Johann Sebastian Bach
Two-Part Invention No. 8 BWV 779 (1723)
Wolfgang Amadeus Mozart/Wilhelm Friedemann Bach
Adagio and Fugue for String Trio No. 6 KV 404a (about 1782)
Wolfgang Amadeus Mozart
Adagio and Fugue for String Quartet KV 546 (1788)
Anton Bruckner
String Quintet F major WAB 112 (1879)
- Anna Heygster Violin
- Dylan Naylor Violin
- Antje Kaufmann Viola
- Martina Horejsi-Kiefer Viola
- Katharina Apel-Hülshoff Cello
“If the only thing Bruckner had ever written had been the slow movement to his string quintet, his reputation would have been secured for all time,” Bruckner’s contemporaries said.
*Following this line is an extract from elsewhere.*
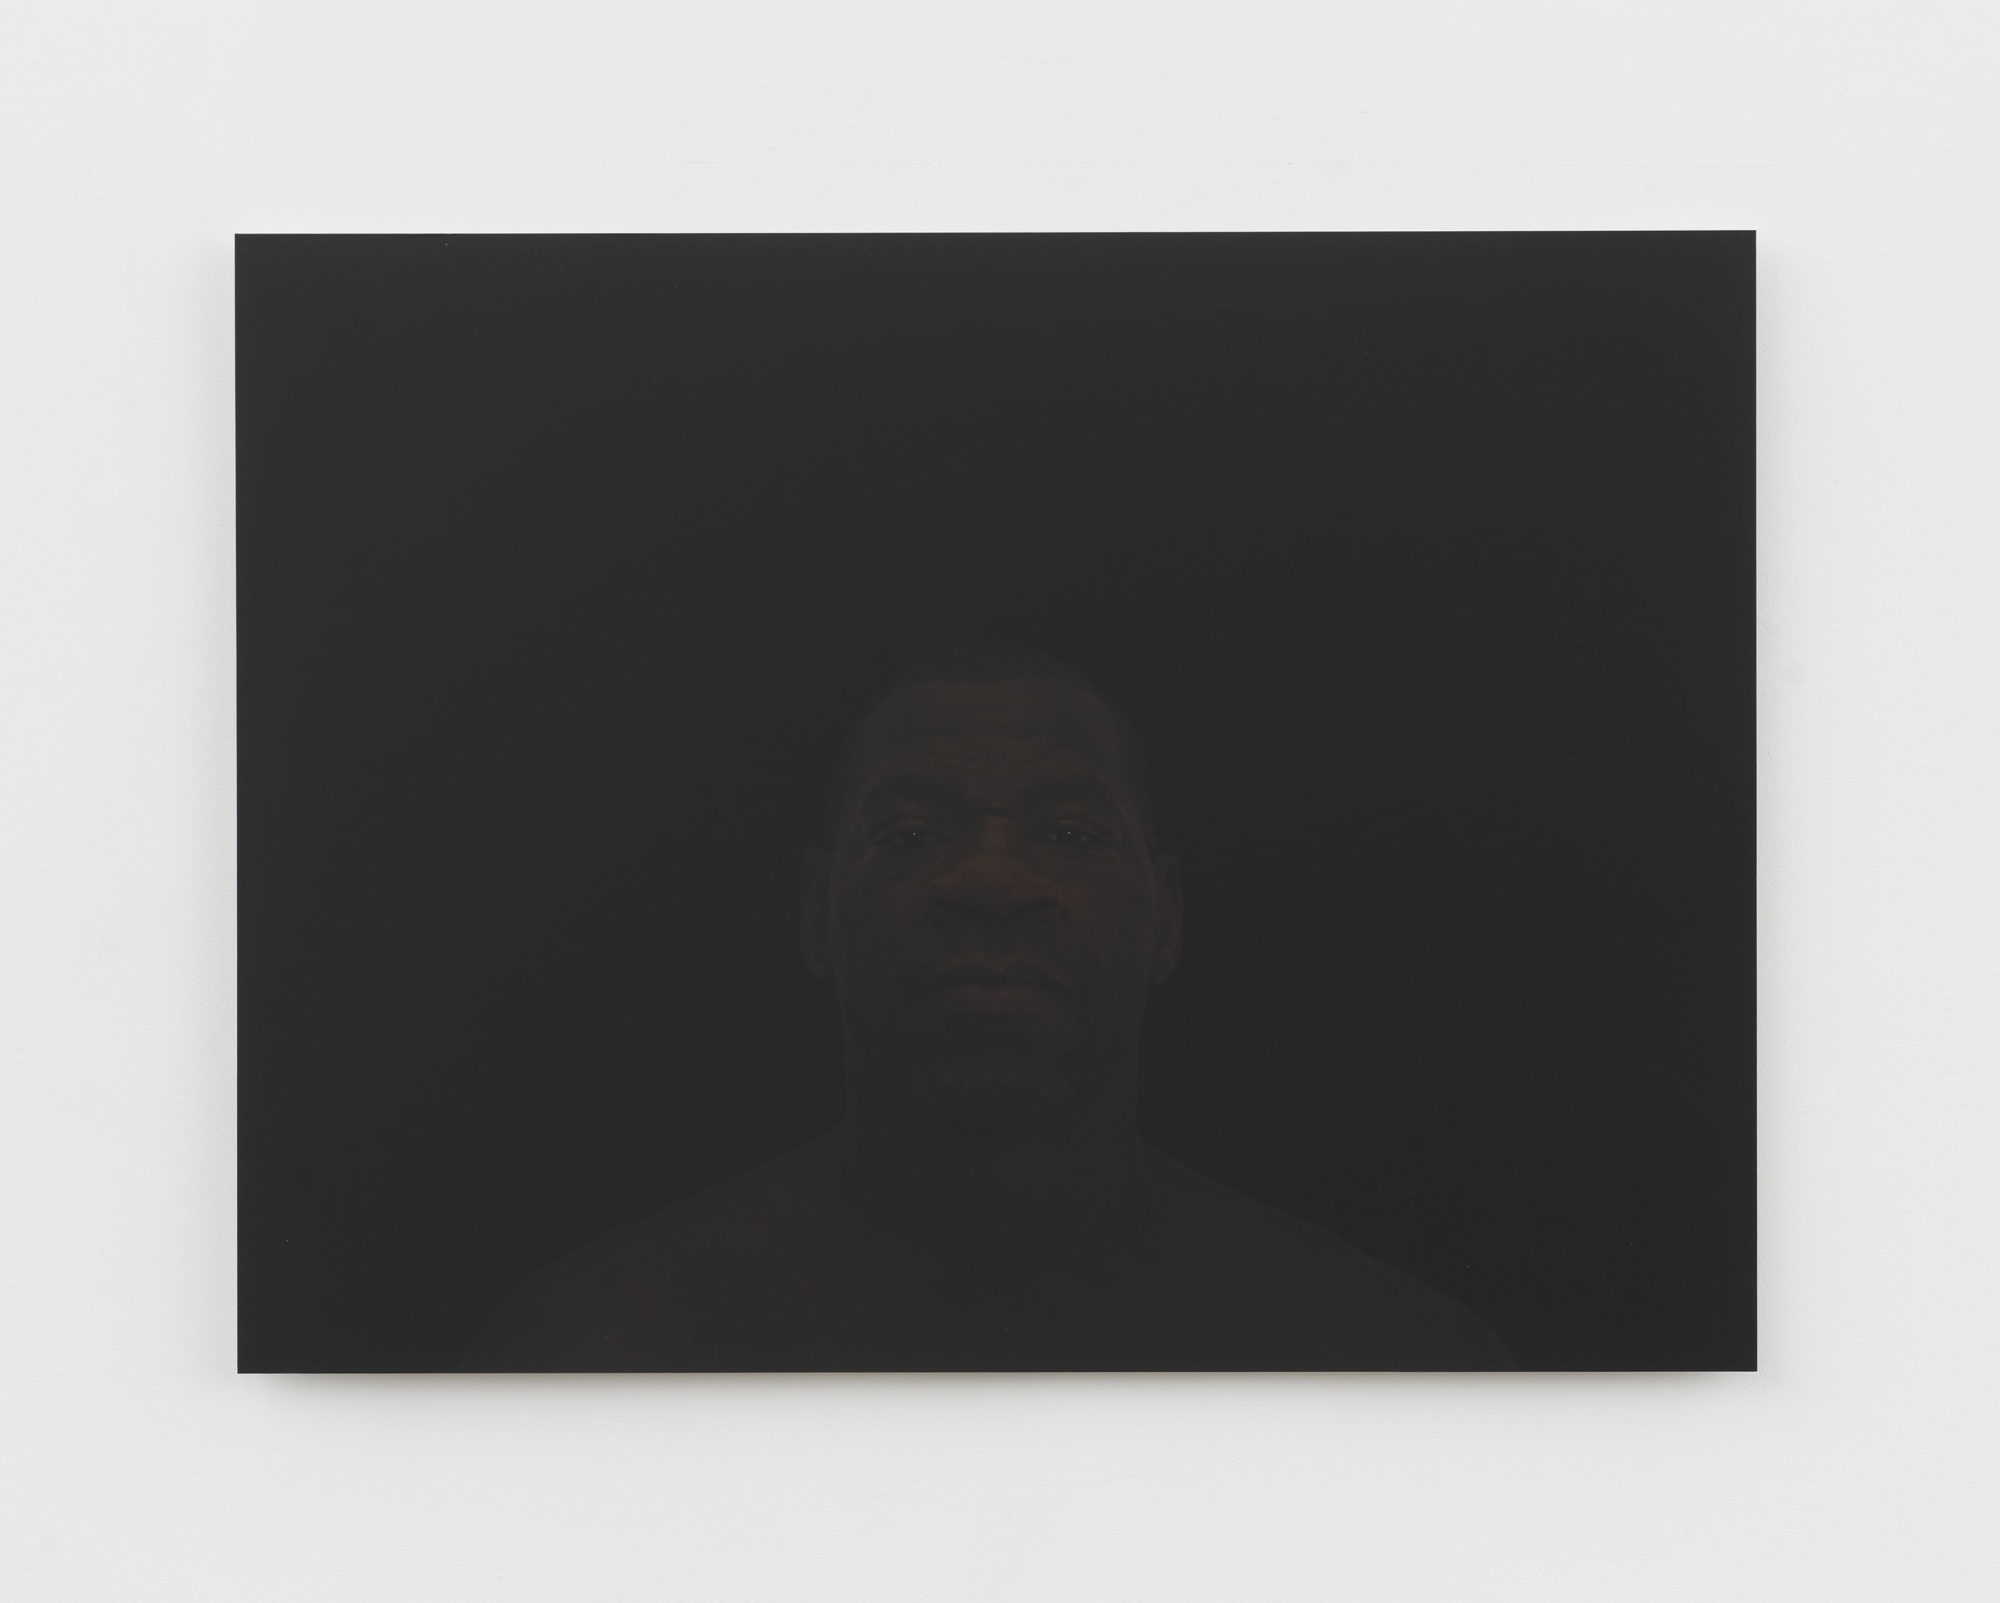 A straightforward portrait photograph of an older black man in front of a black background

This Flora concert, recounting the fascination for Bach’s universe, culminates in Bruckner’s only string quintet. No less a figure than Mozart studied the scores of Bach and his sons by arranging them for strings. Mozart’s Adagio and Fugue for String Quartet even surpasses his ingenious role models by wedding traditional technique and modern subjectivity with each other. And even without an orchestra, Bruckner always touches the gates to paradise.